▶ **RECORDED DATA**:
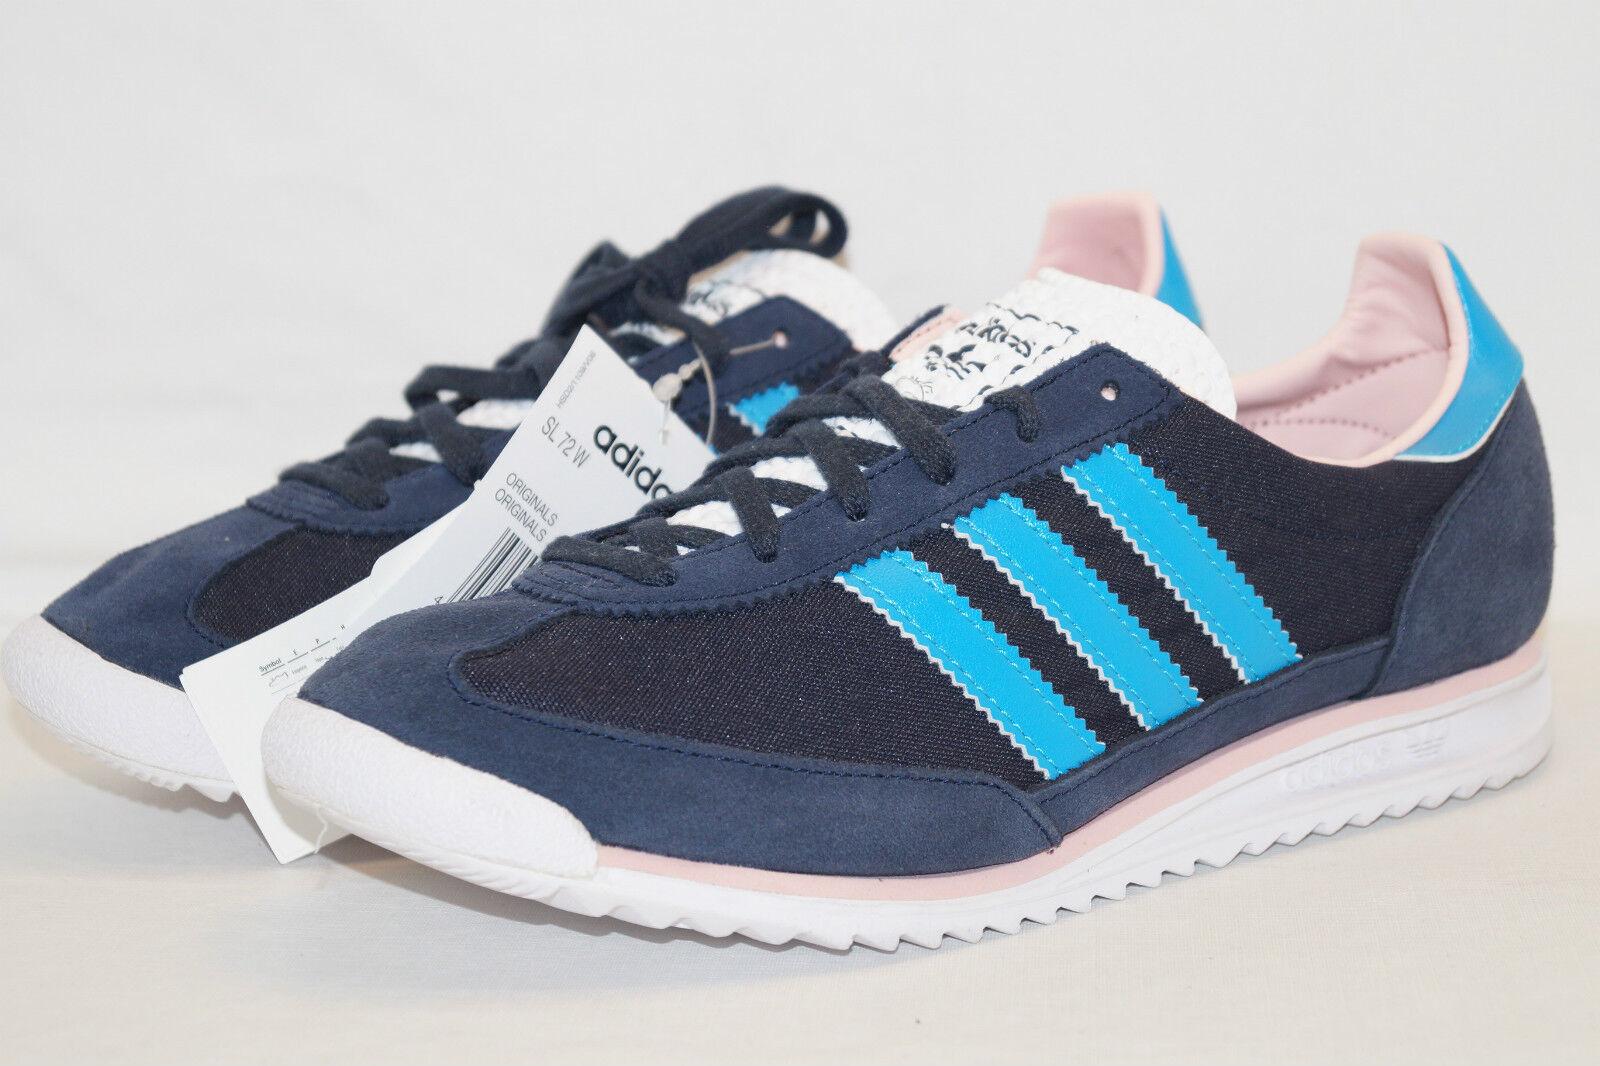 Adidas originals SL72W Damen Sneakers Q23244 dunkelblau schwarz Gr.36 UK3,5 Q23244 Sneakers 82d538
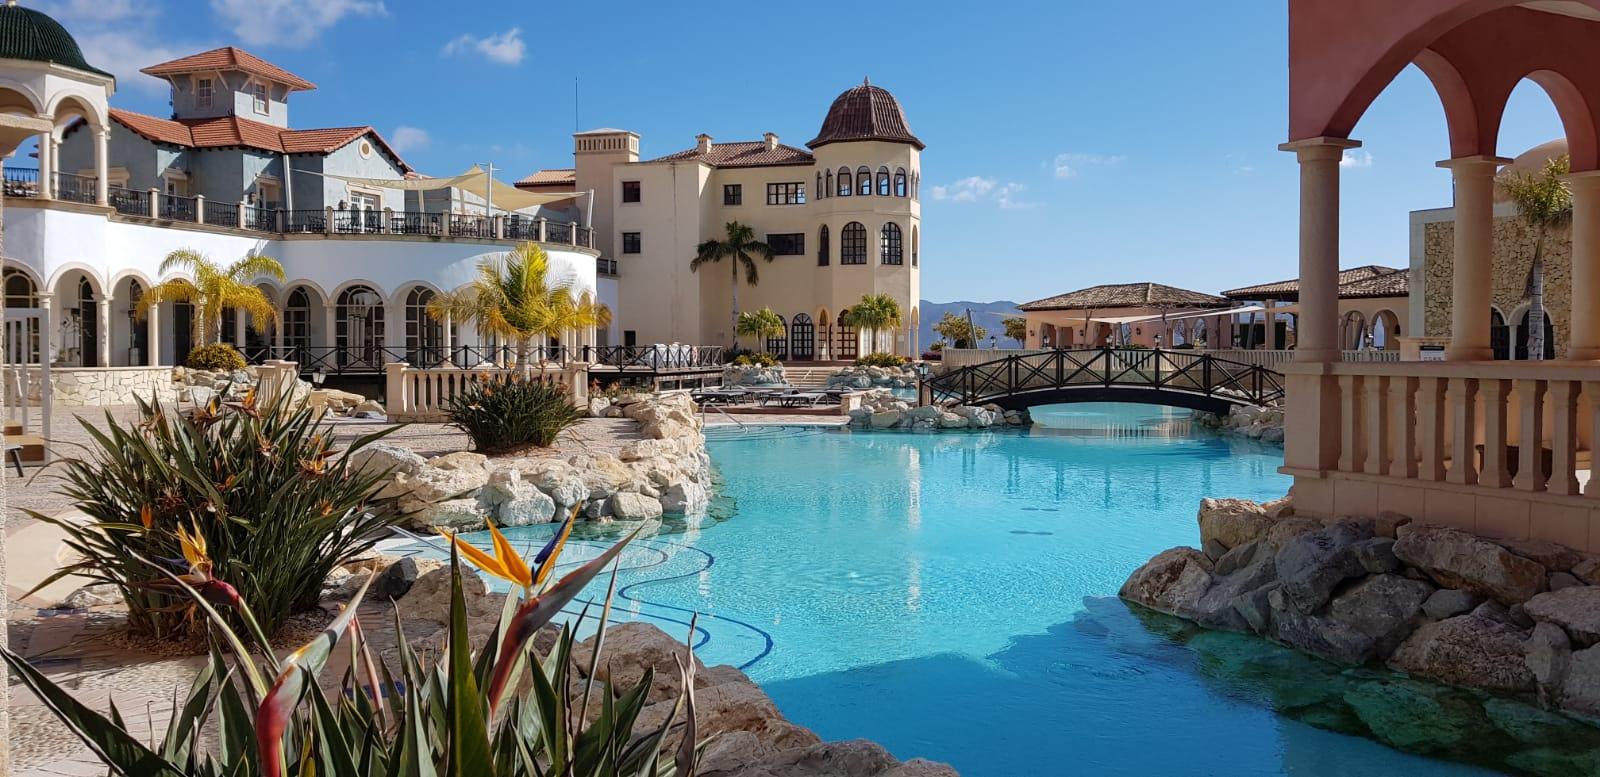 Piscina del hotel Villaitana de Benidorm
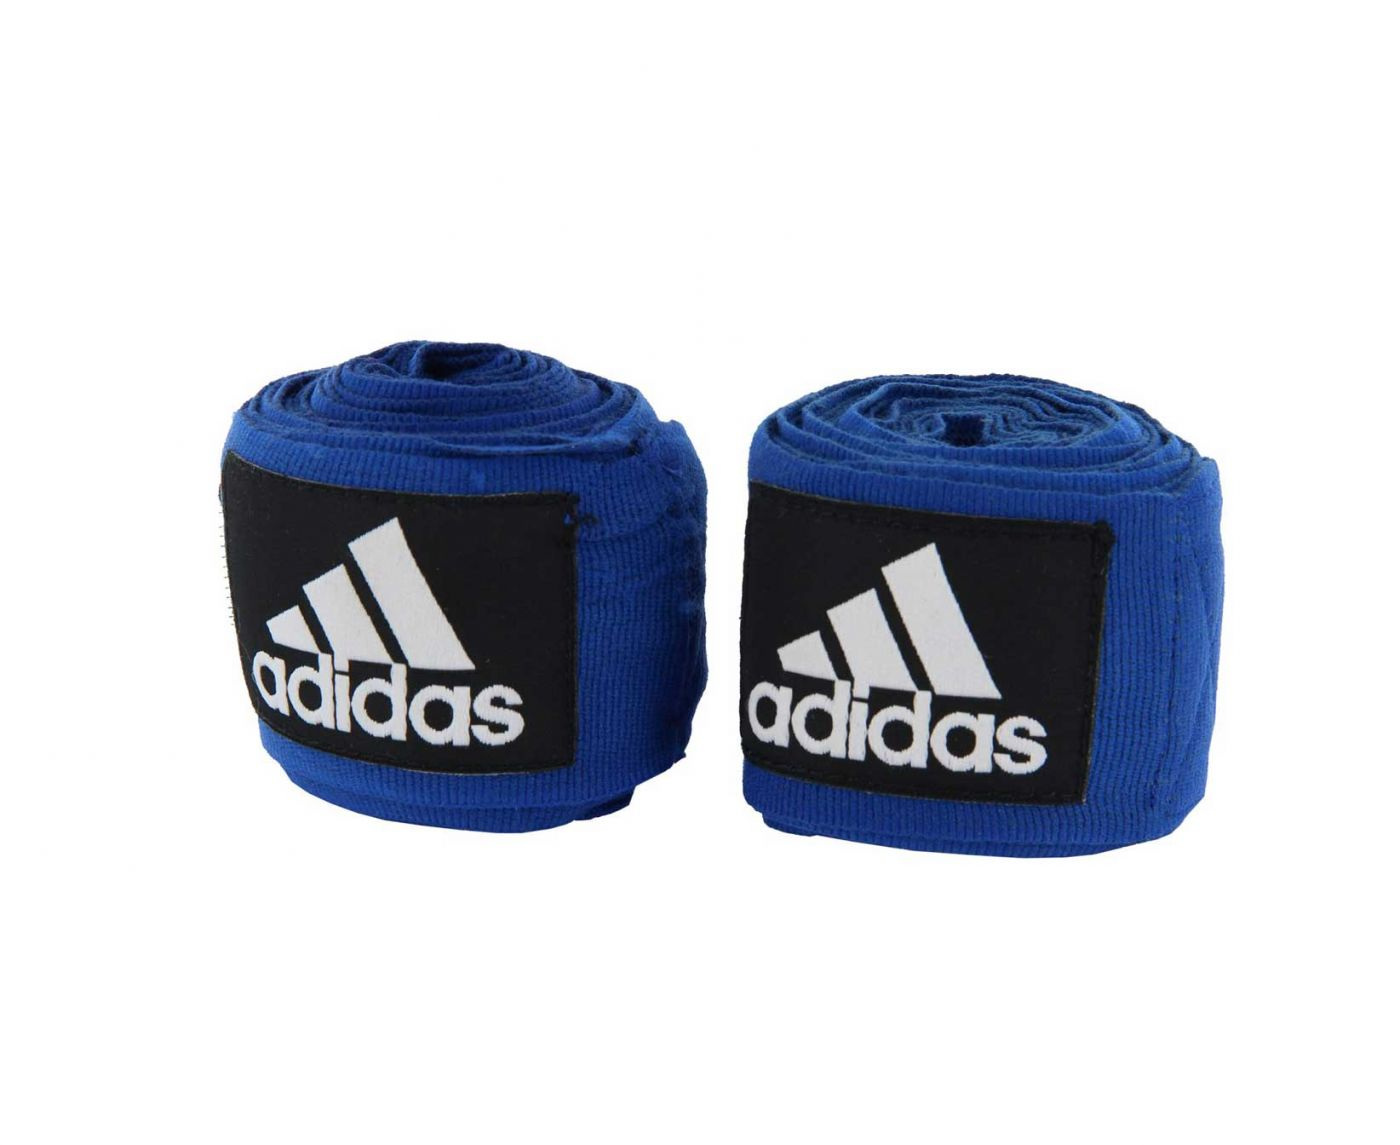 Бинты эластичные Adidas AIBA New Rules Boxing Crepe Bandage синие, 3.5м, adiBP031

▶ **WHAT THE TASK ASKS**:
Would you copy all of the data exactly? Keep the pictures out of it.

▶ **RESPONSE AREA**:
 Adidas originals SL72W Damen Sneakers Q23244 dunkelblau schwarz Gr.36 UK3,5 Q23244 Sneakers 82d538
 Piscina del hotel Villaitana de Benidorm
 Бинты эластичные Adidas AIBA New Rules Boxing Crepe Bandage синие, 3.5м, adiBP031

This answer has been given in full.